In my nightly visits to the Station, I come to know by name and face and persona the humans who live there. I miss them when they leave at the end of their six month tours, and watch with fresh interest as a new crew brings its own personality to bear in the weightless confines of the ship, or when an Orbiter—a Space Shuttle—crew arrives, bringing tokens and news and work from Earth. I watch, and watch again in replays, Earth-to-space interviews with the astronauts. Some are with actual media personalities who generally ask mundane questions: “What if you run out of oxygen?” “What if you can’t get back down to Earth?” “Did you watch the Army/Navy game?” It is the interviews with school children that liberate intimacy: “If you eat M & Ms, will they float up from your stomach and out of your mouth?” “Do you have different dreams in space than you do on Earth?” “Did anything surprise you in space, something you were not prepared for by your training?” Mike Foale answered that one. He was surprised by how bright the sun is outside of our atmosphere, nothing between him and it to temper its light.

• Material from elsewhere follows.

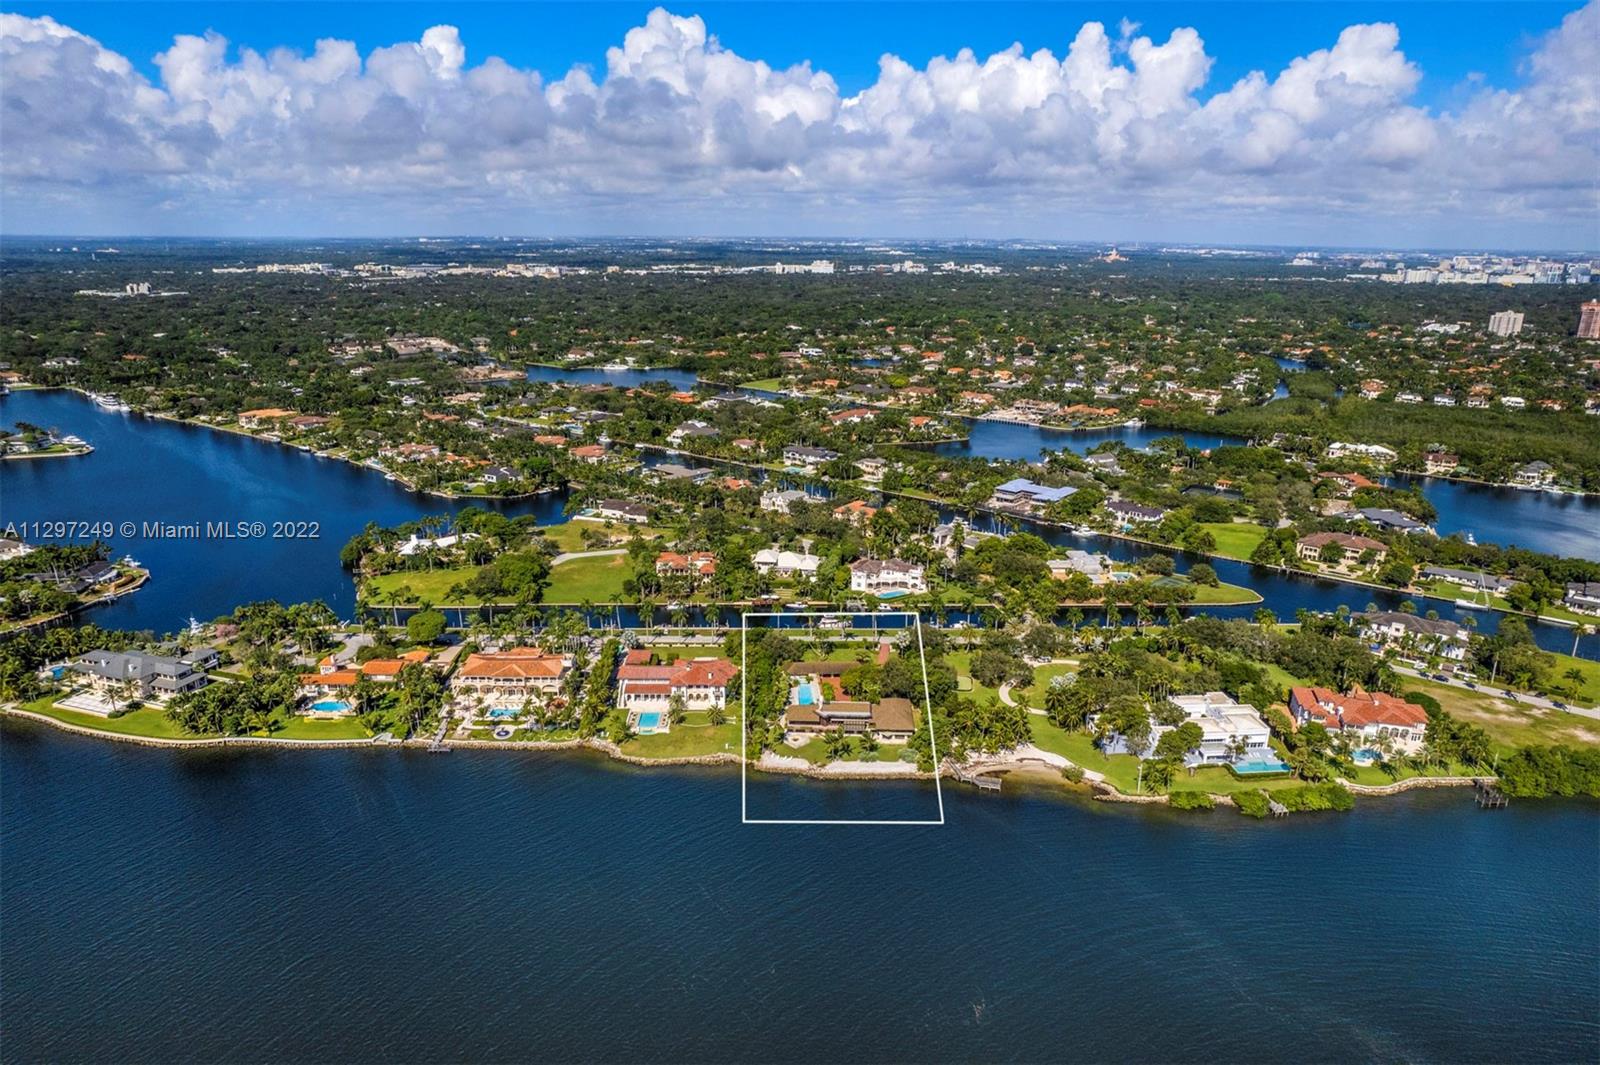 A once in a generation opportunity to own one of South Florida’s premiere properties inside the gated and exclusive community of Gables Estates.  This almost 2 acre property, with 200 feet of direct water frontage on Biscayne Bay, allows one to enjoy expansive and unobstructed views out to Key Biscayne, Stiltsville and the ocean. An additional 200 feet of seawall, on a private and protected waterway, is located in the back of the property to dock your yacht.  Build your dream home or renovate the existing property. The possibilities… like the views…are endless.  This is truly a one of a kind property that is rarely ever on the market.

When the interviews end, the astronauts return to their routines, working, taking a break, working, eating lunch, working out, working, keeping house, calling home in what passes for evening in space. Home to families. Home to Earth.
Simplicity. Elegance. Singularity. These are privileges of perspective. As I write this, I am a few feet from the spot where I stood the first time I saw the Station course overhead. Now, however, there is a wall between me and that space—the wall, the atmosphere, of my house. I have the window above my desk cracked open, letting in the fresh, hot summer air. A breeze makes its way in, toys with the papers on my desk, and raises the ambient temperature above the comfort zone. Nothing is elegant here. The hill and swamp and bay that I see from my window are astir with the breeze and with the life that inhabits them. A great blue heron rises from a mass of reeds, hang-glides down the creek and disappears again into the mess. The water around the edge of the bay is choked with bullhead lilies.
On this side of the wall, in my habitat, household work and writerly tasks await attention—the daily necessities of food and clothing, publishing projects, ideas for new writing. On the far side of the house, away from the swamp, a door leads to the driveway that leads to the road that leads to town. There, the neat grid of the streets is deceptive: the human endeavor of the planet is in disarray. At a time in the history of our species when we have the wherewithal to provide for every one of us, we do not do so. We peer downward as though through a magnifying glass at our individual, our cultural, our national troubles. Too often, we fail to see the horizon, let alone the circle our planet manifests in profound space.
I no longer watch the news. My abstinence is a cloistering of sorts, an unnatural partitioning. I am brought back to John Keats’ poem “Ode to a Nightingale.” In it, he has been transported to Nature’s lofty realm. When he returns to his worldly state, he asks, “Do I wake, or sleep?” Which of the realms is the real one? Does the atmosphere of our existence keep us in, or out? Could we better find our way in the unfettered light of space? Even there we do not escape our human skin: it sheds and the astronauts have to dust.